Objective: In yeast, acute myeloid leukemia cells, non-immunodeficient mice model for the study, to look for Ara-C resistance-related genes, study the changes of deoxycytidine kinase, which is Ara-C key genes in metabolic pathways, and of drug-related anti-apoptotic pathways.Methods:(1) The mutagenesis system available with piggyBac(PB) requires that two plasmids be introduced into the strain of S. Pombe.

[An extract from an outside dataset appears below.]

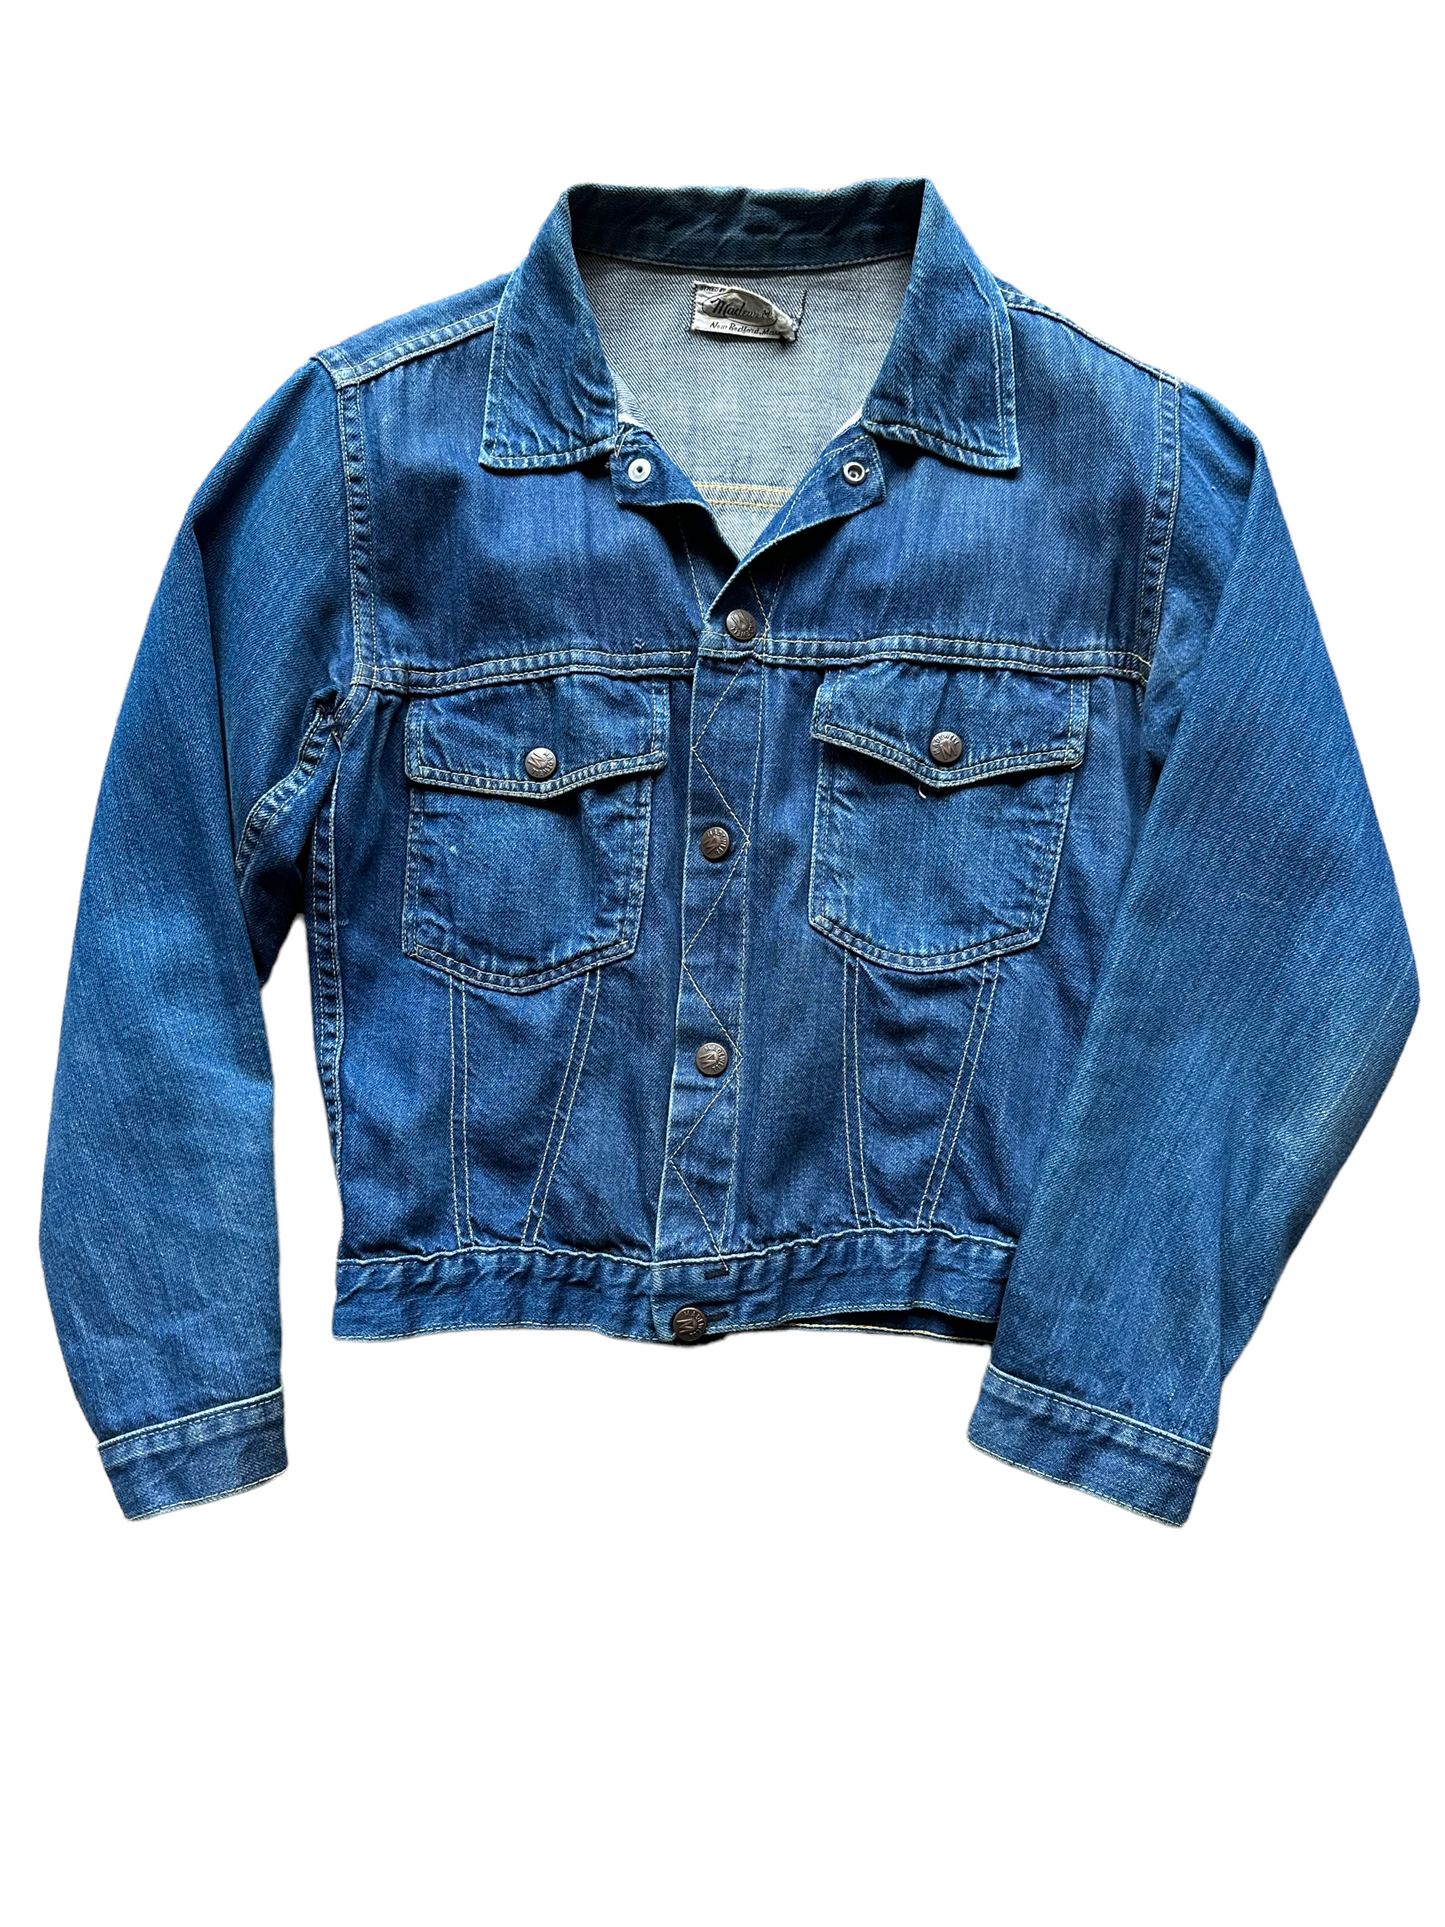 Front View of Vintage Madewell Selvedge Denim Jacket | Barn Owl Vintage | Seattle Vintage Denim Workwear Clothing

One plasmid contains the transposase gene, The second plasmid introduced into S. pombe contains the donor sequence, which consists of kanMX6 flanked by the inverted terminal repeats, PB right and PB left;(2) YHL912 strain detection sensitivity to G418;(3) Introduce the plasmids containing the donor and expression cassettes separately into the strain of S. pombe using lithium acetate transformation;(4) Cell viability after exposure to Ara-C or ABT-737 were determined by MTT assay;(5) Cell apoptosis were determined by Annexin V/PI assay;(6) In AML mouse model, the combined treatment with Ara-C and ABT-737 impact on the survival of mice.Results:(1) PB transposon system can effectively inserted in the yeast genome;(2) G418 minimum inhibitory concentration to YHL912 yeast strains is 300ug/m L;(3) In Ara-C resistance AML cells, there are point mutations, deletion mutations in the DCK cDNA and reduced transcriptional levels. Moreover, with increased levels of drug-resistant, the proportion of mutations tended to increased;(4) ABT-737 in combination with Ara-C can effectively improve the survival time of mice shortened by cell internal resistance.Conclusions: PB transposon system can effectively inserted in the yeast genome, which makes it serves as an effective mutagenesis tool for genetic screens. The mutations and decreased expressions of DCK in AML resistant cells maybe an important reason for Ara-C chemotherapy resistance. The combined treatment with Ara-C and ABT-737 suppressed leukemia and prolonged the survival to an even greater extent than the group treated with Ara-C alone, which indicats that resistant leukemic cells retain or even upregulate their intrinsic anti-apoptotic mechanisms.